## Dataset section
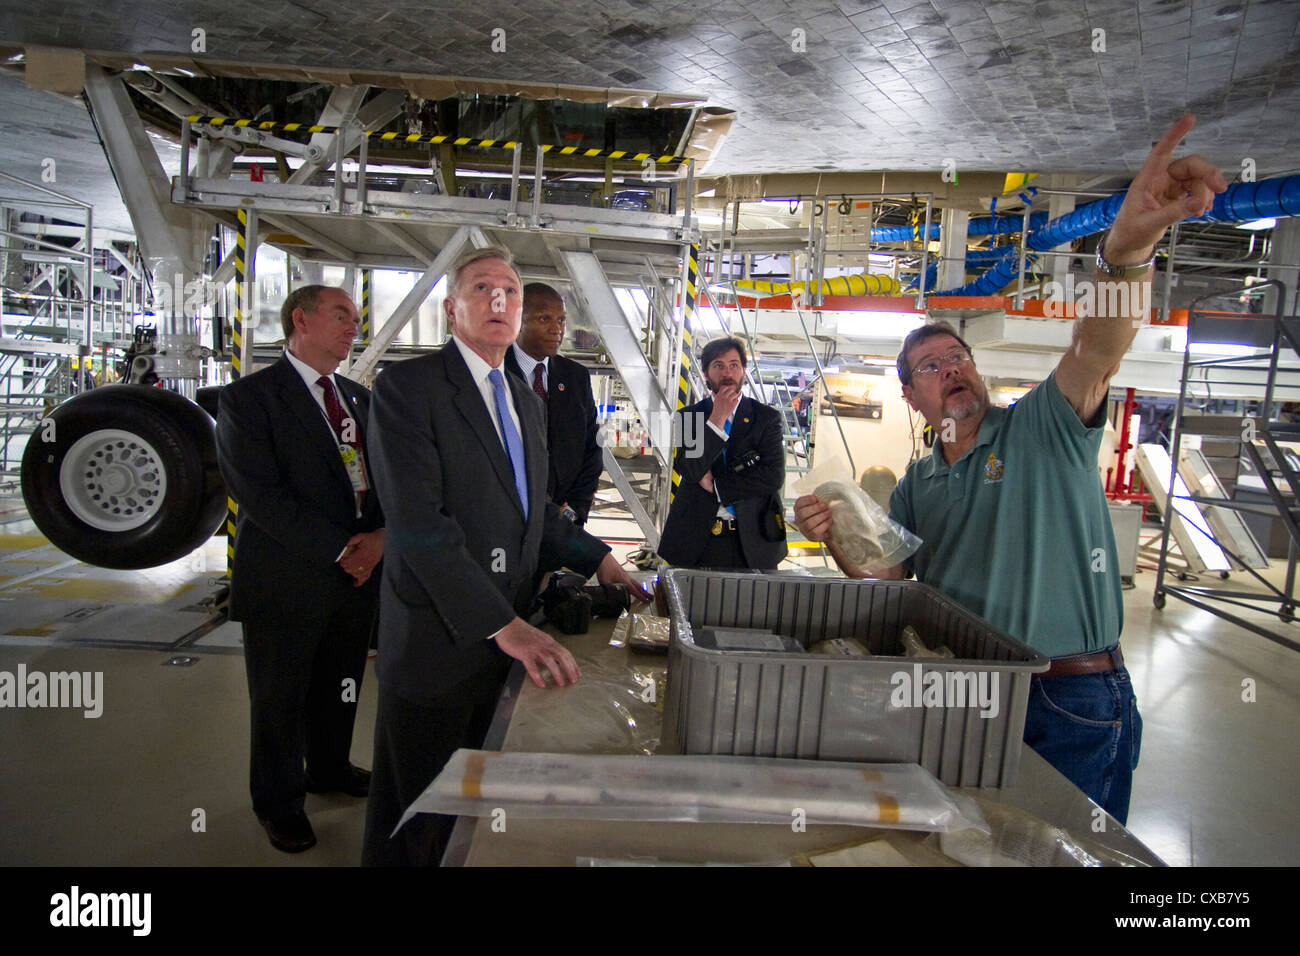 Secretary of the Navy, the Honorable Ray Mabus, stands underneath the space shuttle Atlantis during a tour of the NASA Orbiter Processing Facility at Kennedy Space Center. Stock Photo
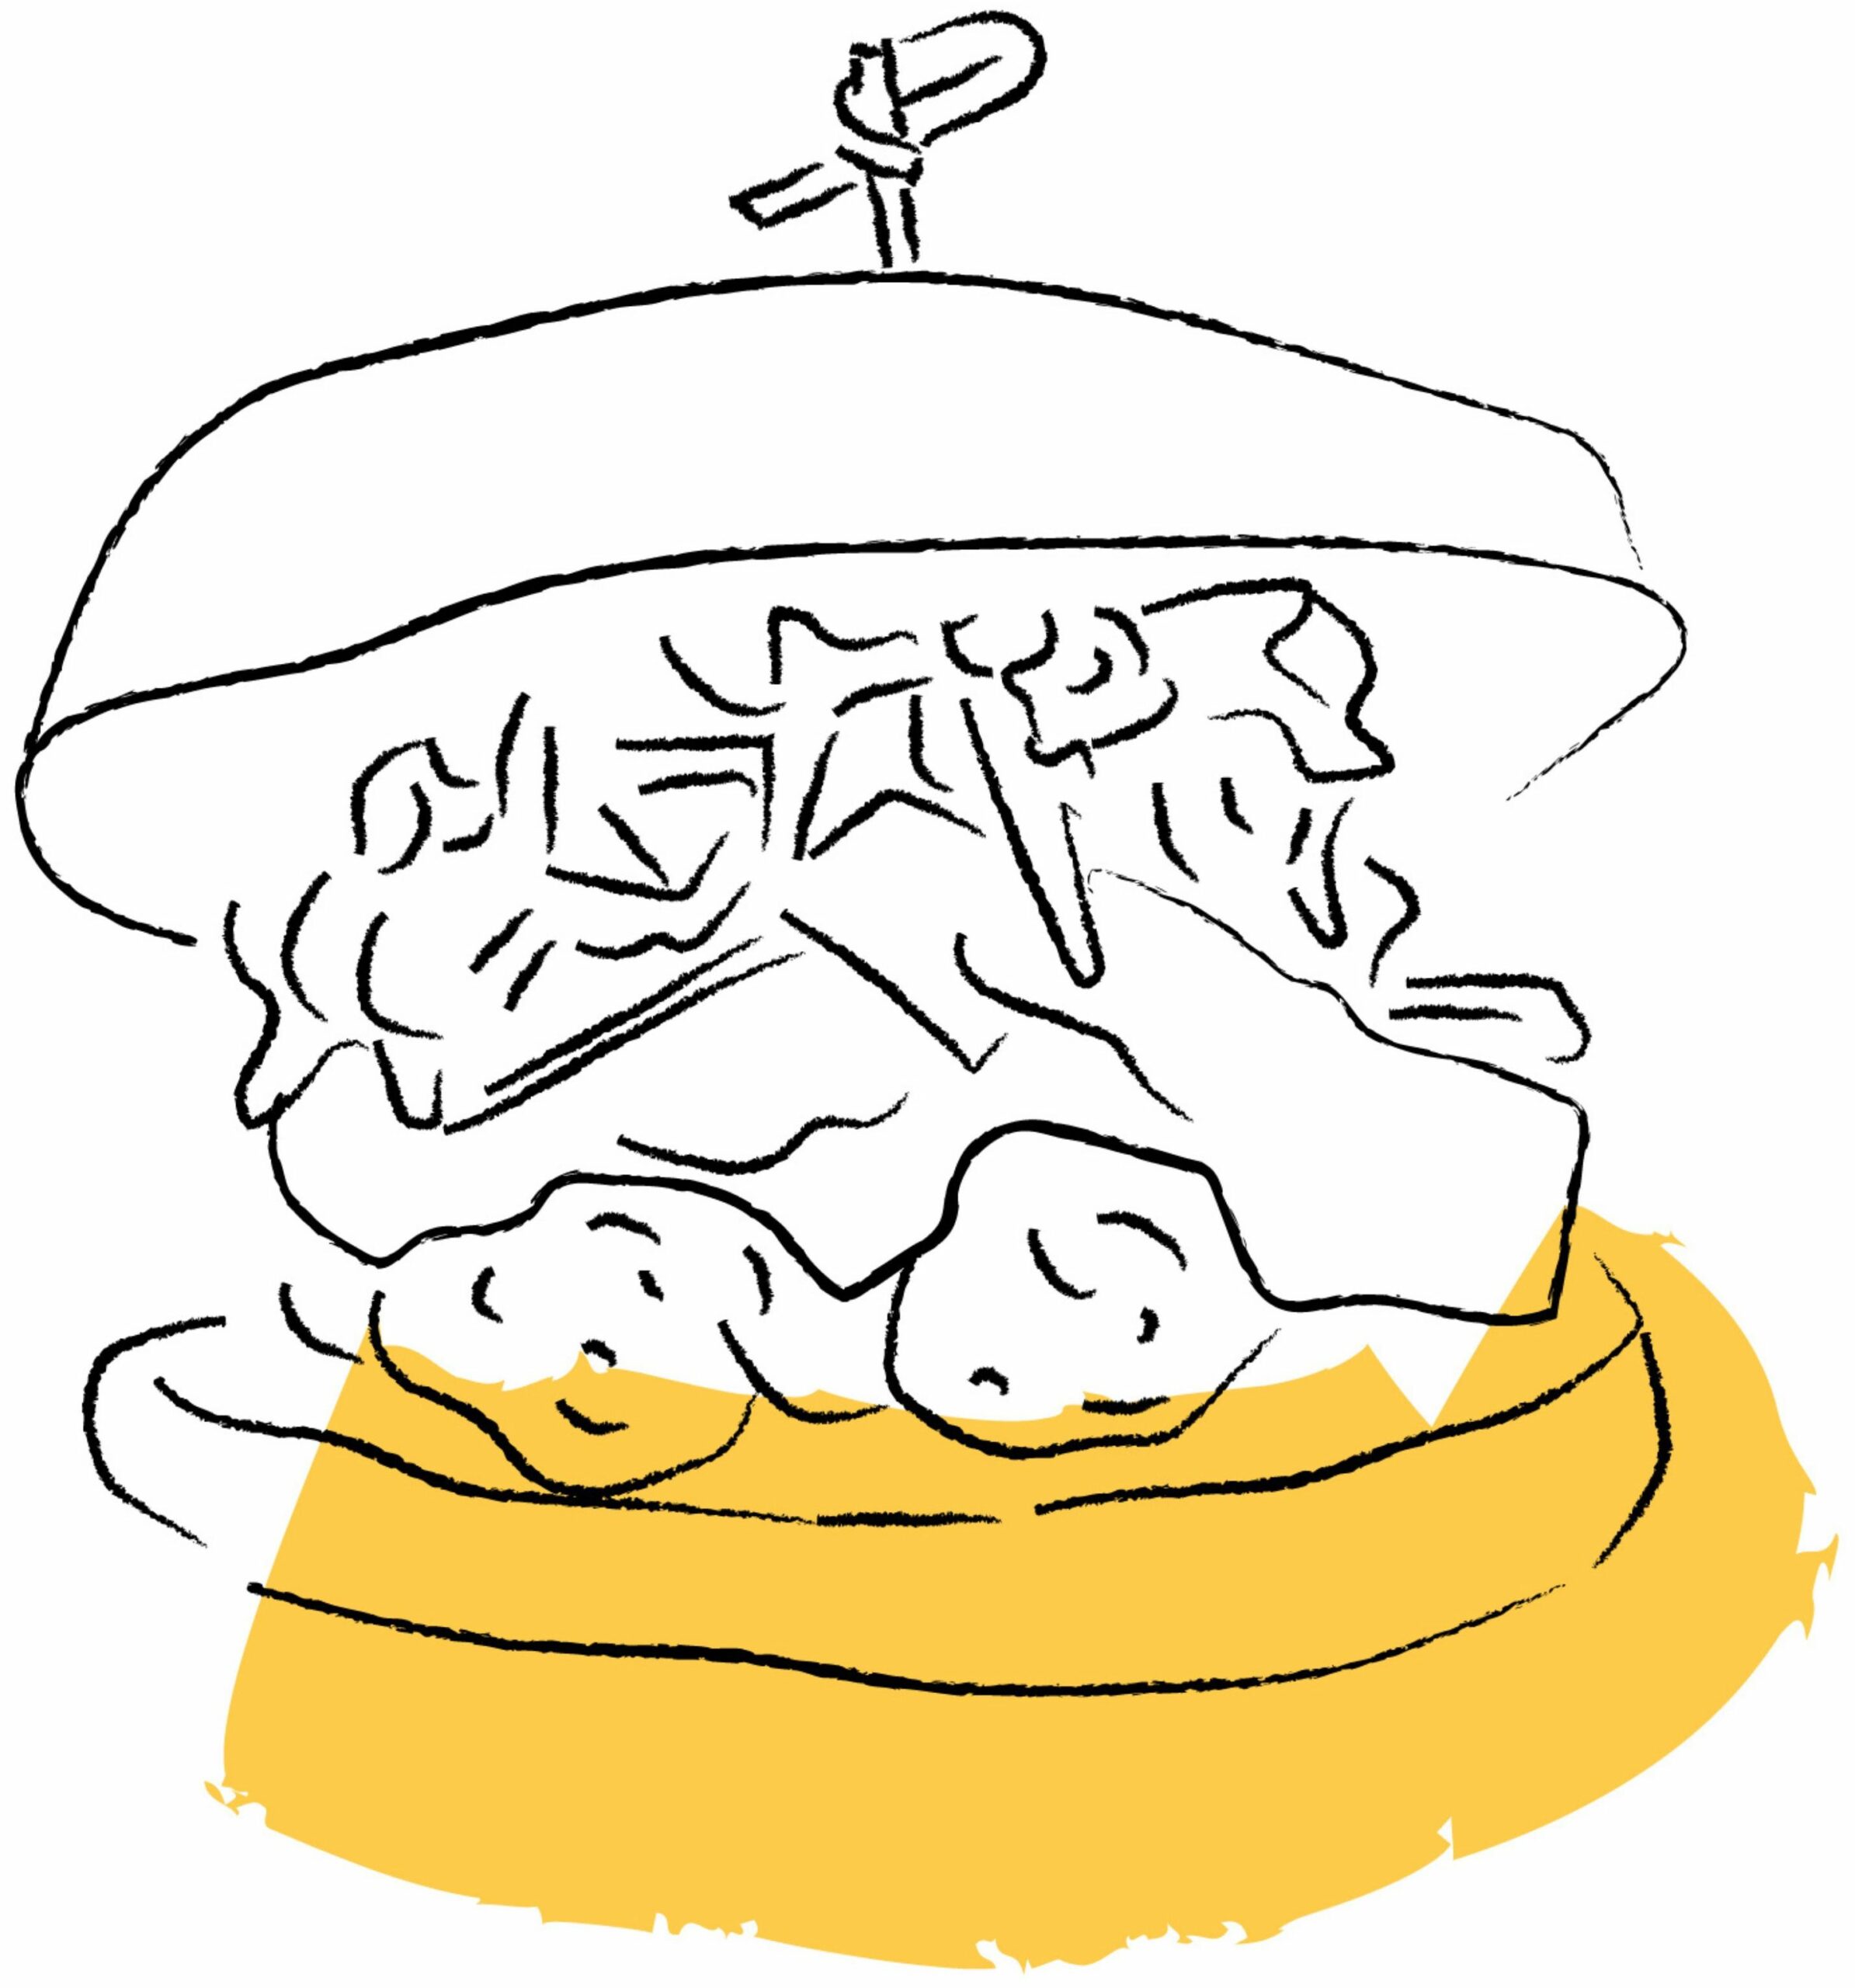 hand-drawn illustration of F&P sandwich with yellow swatch
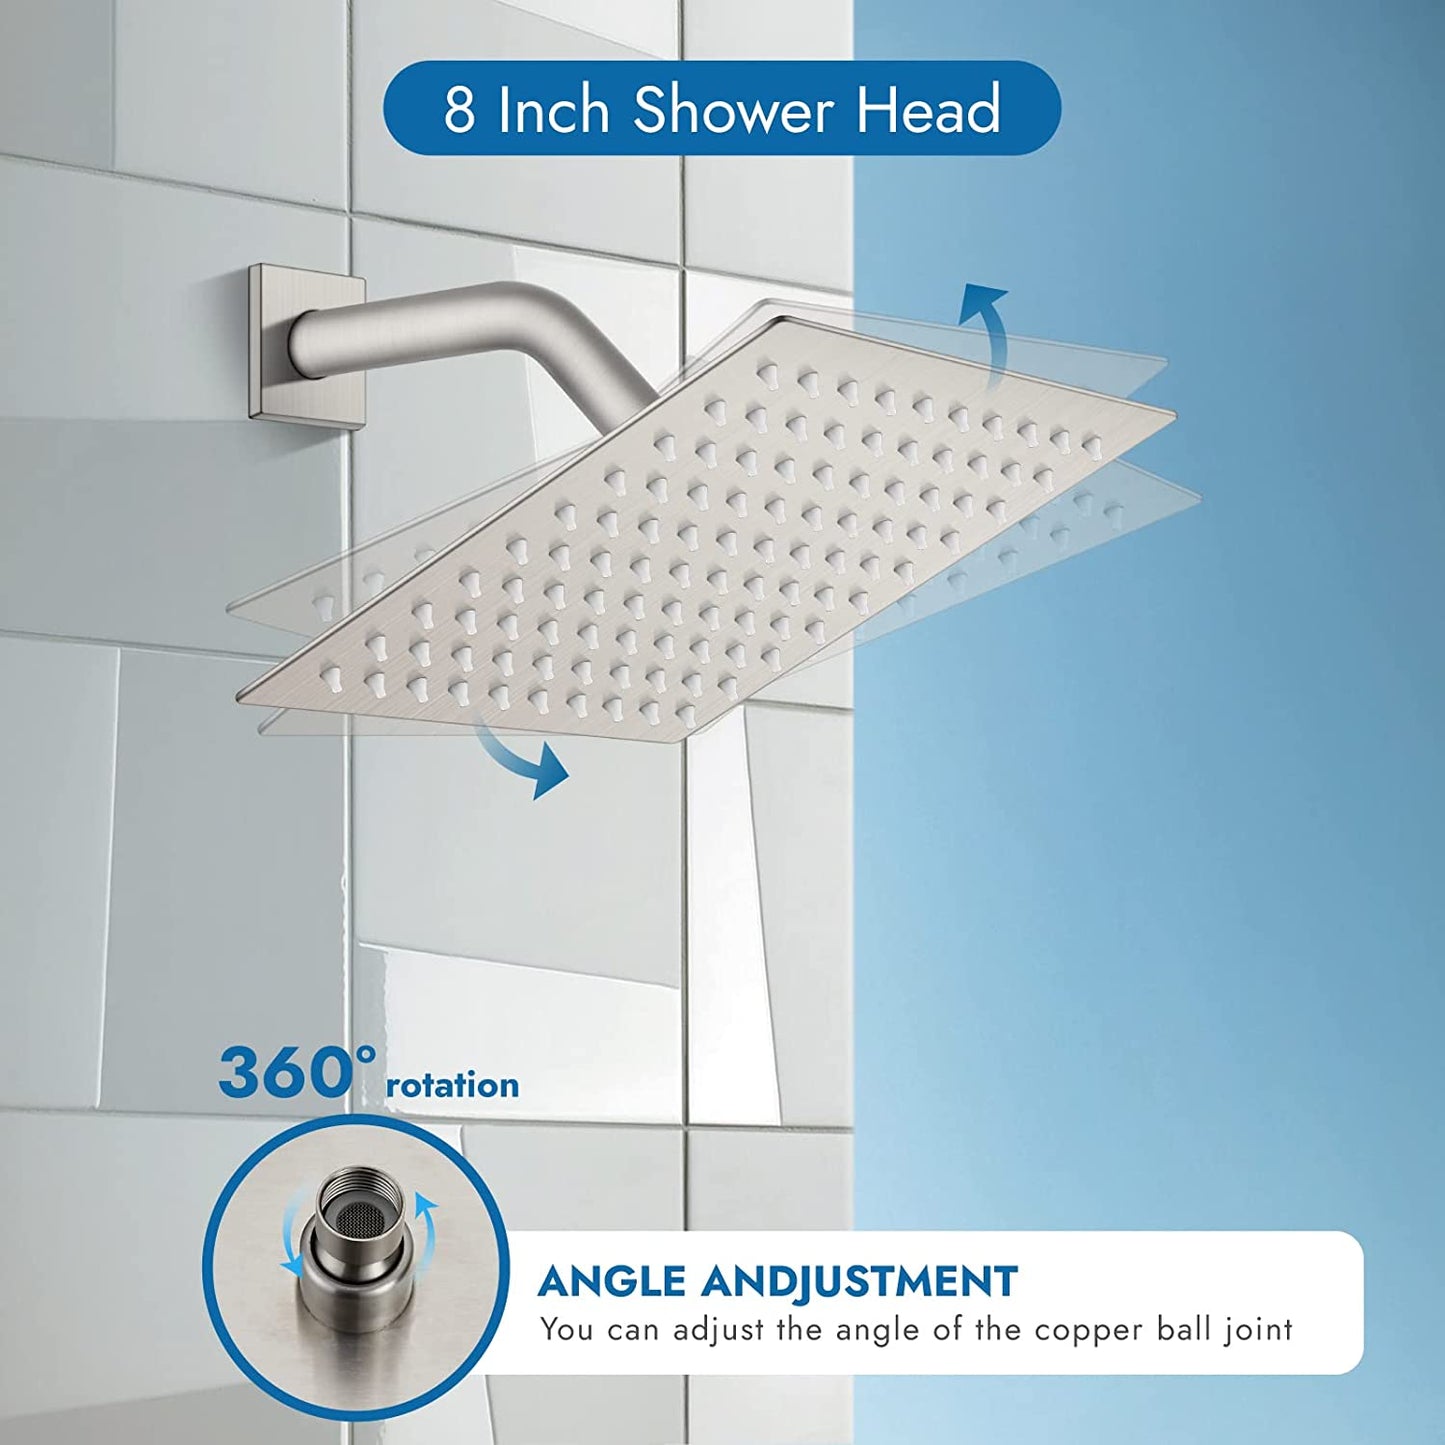 
                  
                    Cinwiny Wall Mounted Rain Shower System with 8 Inch Square Showerhead Bathroom Shower Faucet Set Single Function Single Handle With Rough-in Valve Bathroom Rainfall Shower Trim Kit
                  
                
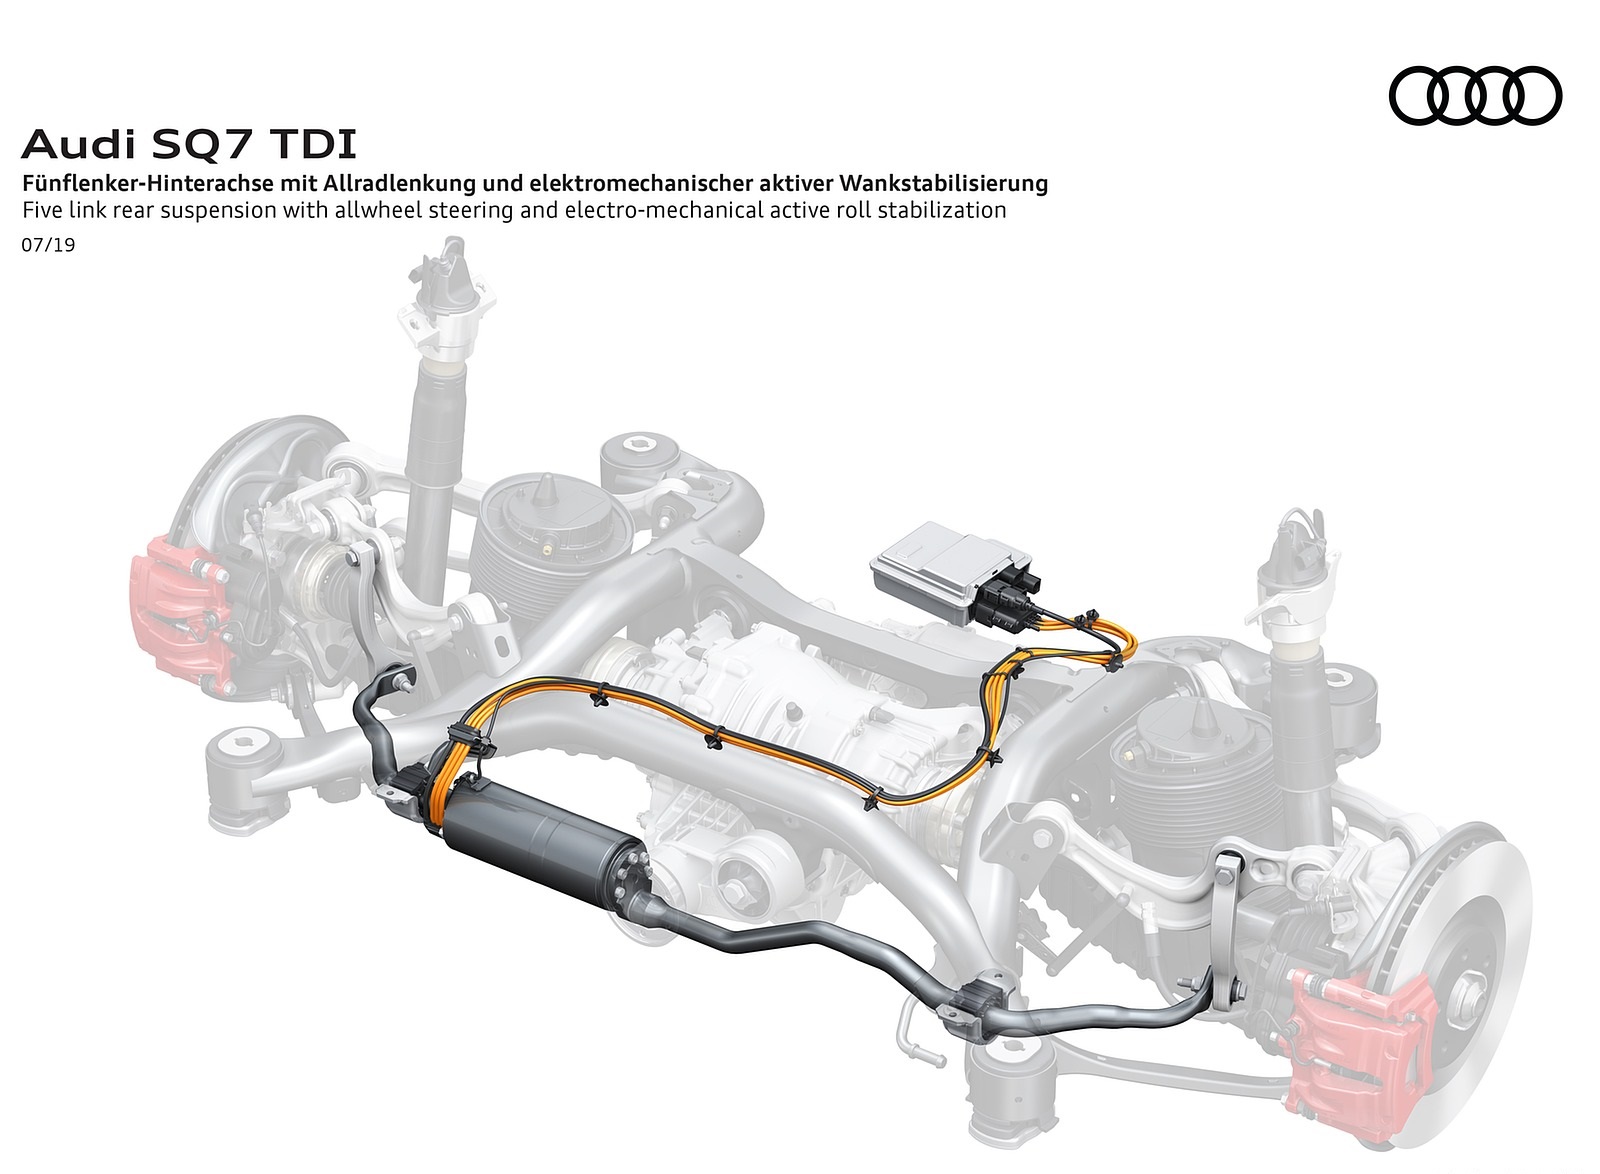 2020 Audi SQ7 TDI Five link rear suspension with allwheel stearing and electro-mechanical aktive roll stabilization Wallpapers #138 of 140

## Task requirements
Repeat verbatim the lines from the one holding "Cinwiny Wall Mounted" through the end of the listing above, both ends included, but not the pictures.

## Problem solution
                    Cinwiny Wall Mounted Rain Shower System with 8 Inch Square Showerhead Bathroom Shower Faucet Set Single Function Single Handle With Rough-in Valve Bathroom Rainfall Shower Trim Kit
                  
                
 2020 Audi SQ7 TDI Five link rear suspension with allwheel stearing and electro-mechanical aktive roll stabilization Wallpapers #138 of 140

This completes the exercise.